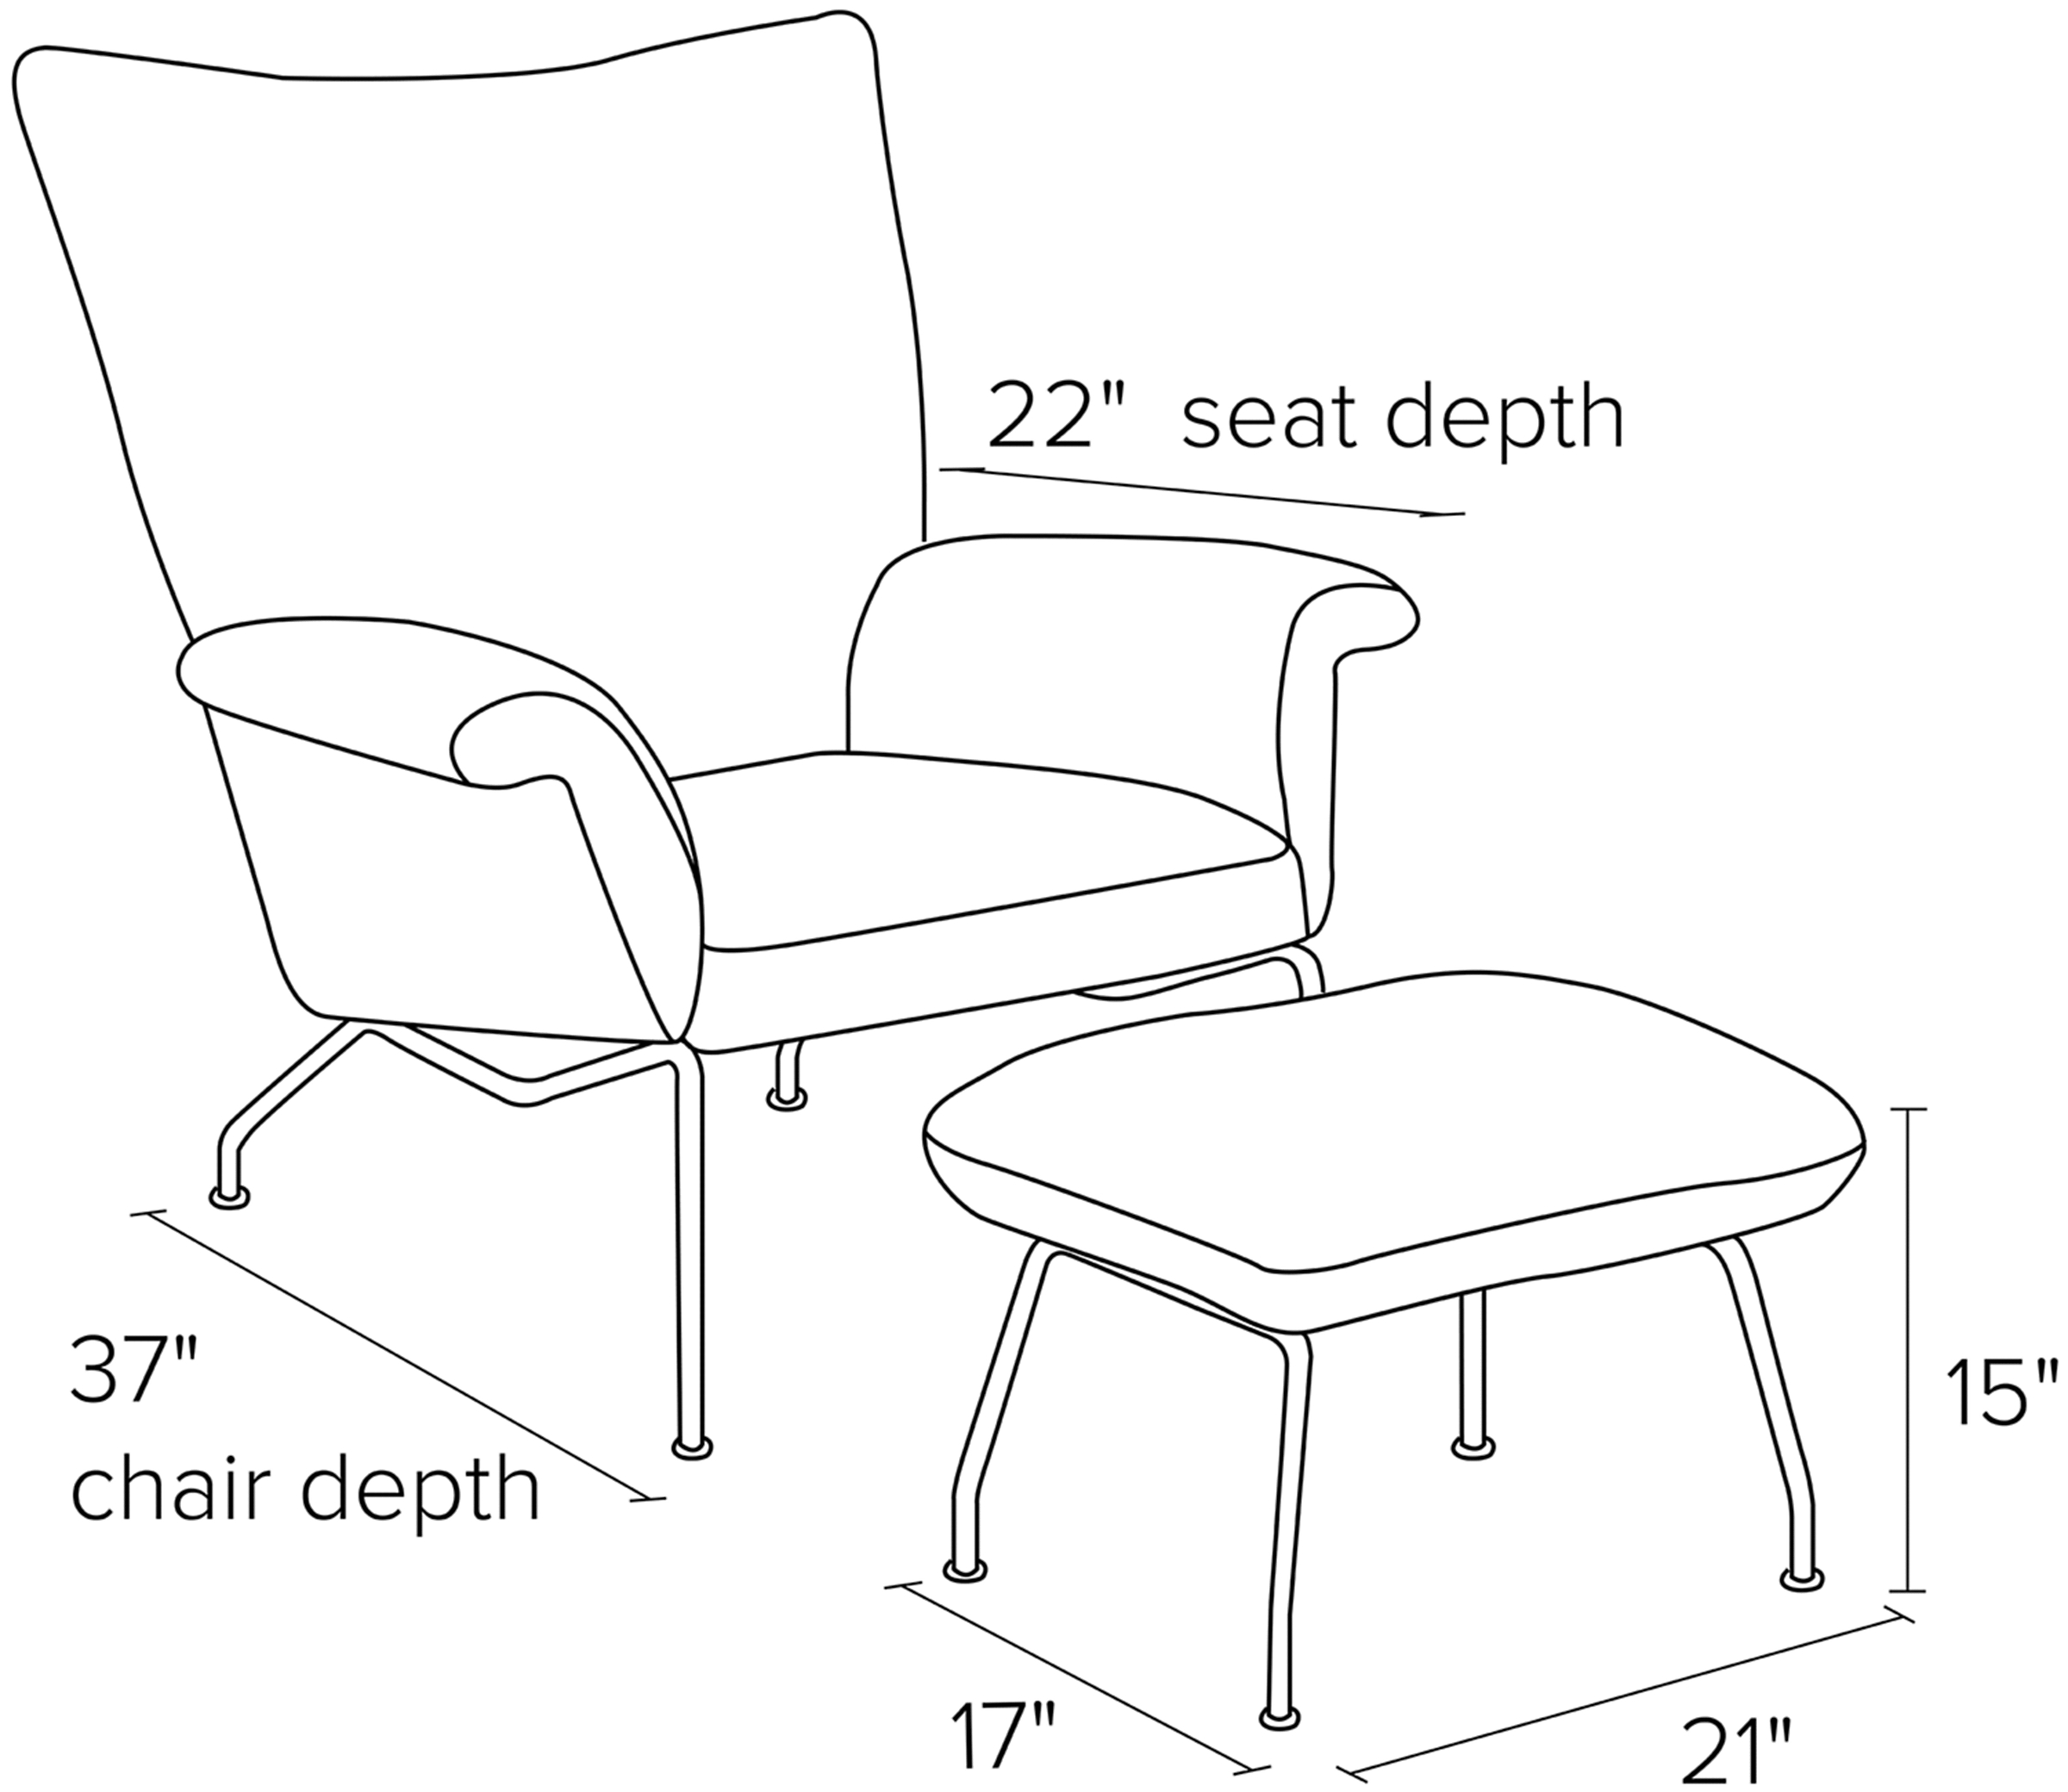 Side view dimension illustration of Paris chair and ottoman.
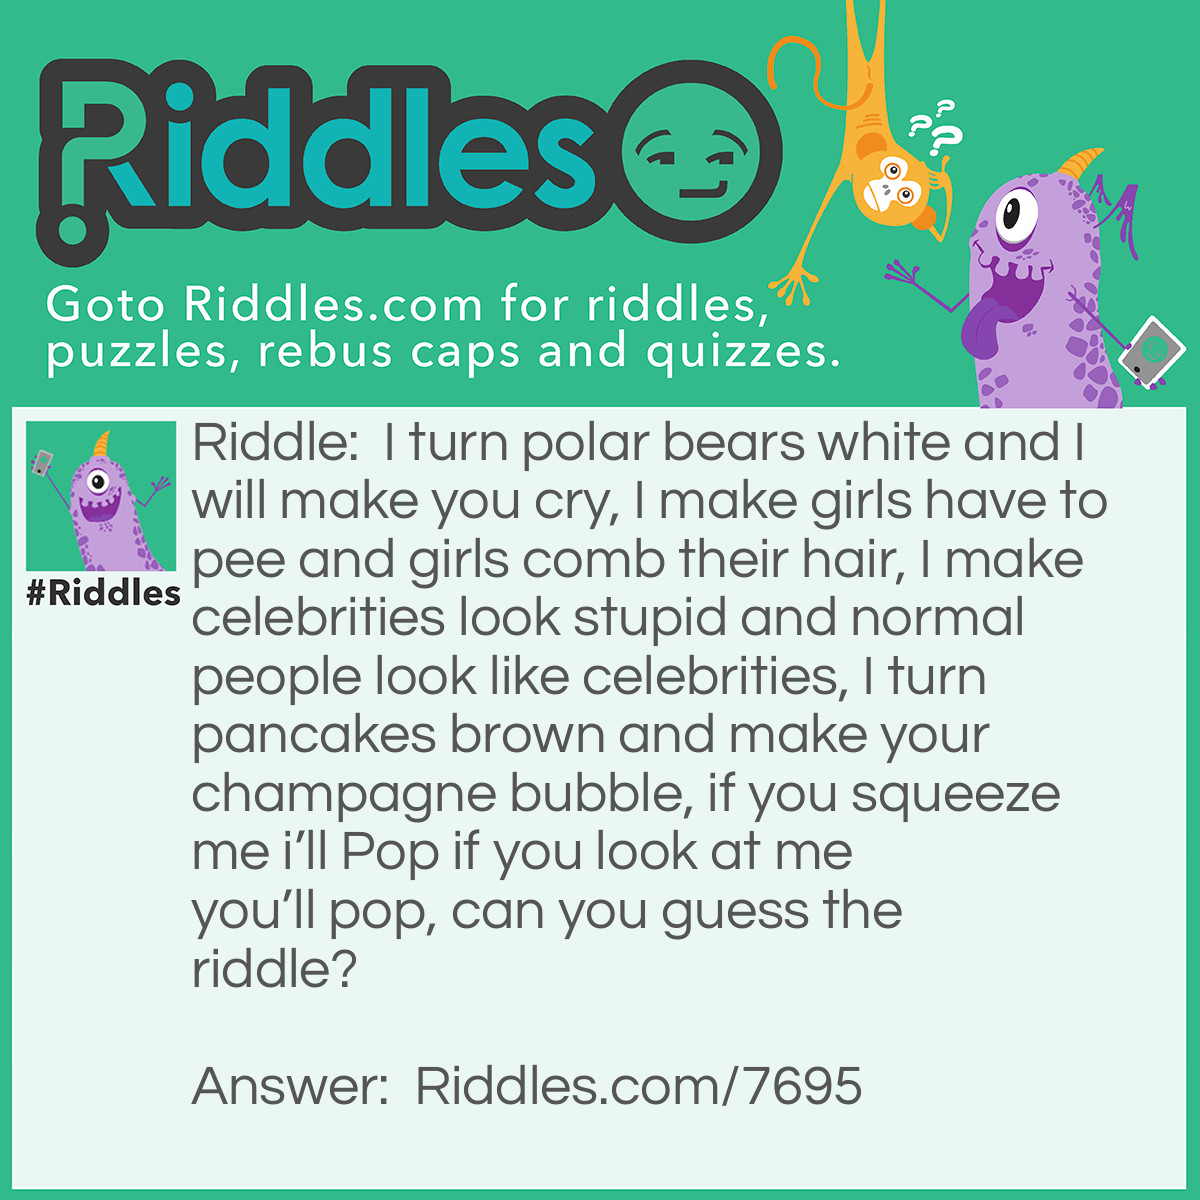 Riddle: I turn polar bears white and I will make you cry, I make girls have to pee and girls comb their hair, I make celebrities look stupid and normal people look like celebrities, I turn pancakes brown and make your champagne bubble, if you squeeze me i'll Pop if you look at me you'll pop, can you guess the riddle? Answer: No you cannot answer the riddle
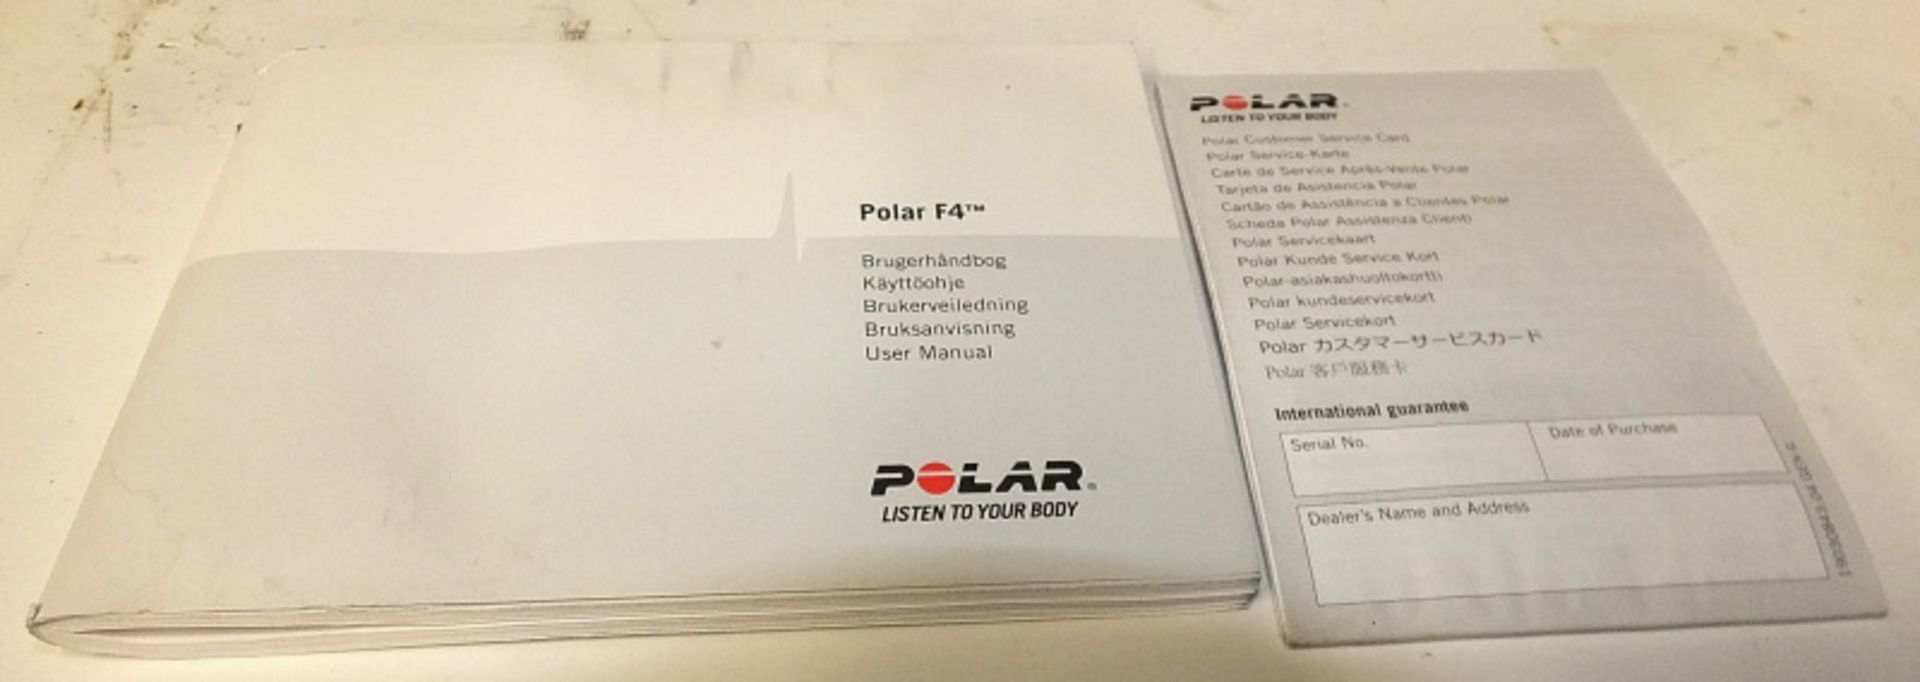 2x Polar F4 Fitness Heart Rate Monitors with Polar Heart Rate Chest Sensors - Image 5 of 5

TASK PROMPT
Reproduce the whole listing above word for word, dropping each image.

PROBLEM SOLUTION
 Side view dimension illustration of Paris chair and ottoman.
 Riddle: I turn polar bears white and I will make you cry, I make girls have to pee and girls comb their hair, I make celebrities look stupid and normal people look like celebrities, I turn pancakes brown and make your champagne bubble, if you squeeze me i'll Pop if you look at me you'll pop, can you guess the riddle? Answer: No you cannot answer the riddle
 2x Polar F4 Fitness Heart Rate Monitors with Polar Heart Rate Chest Sensors - Image 5 of 5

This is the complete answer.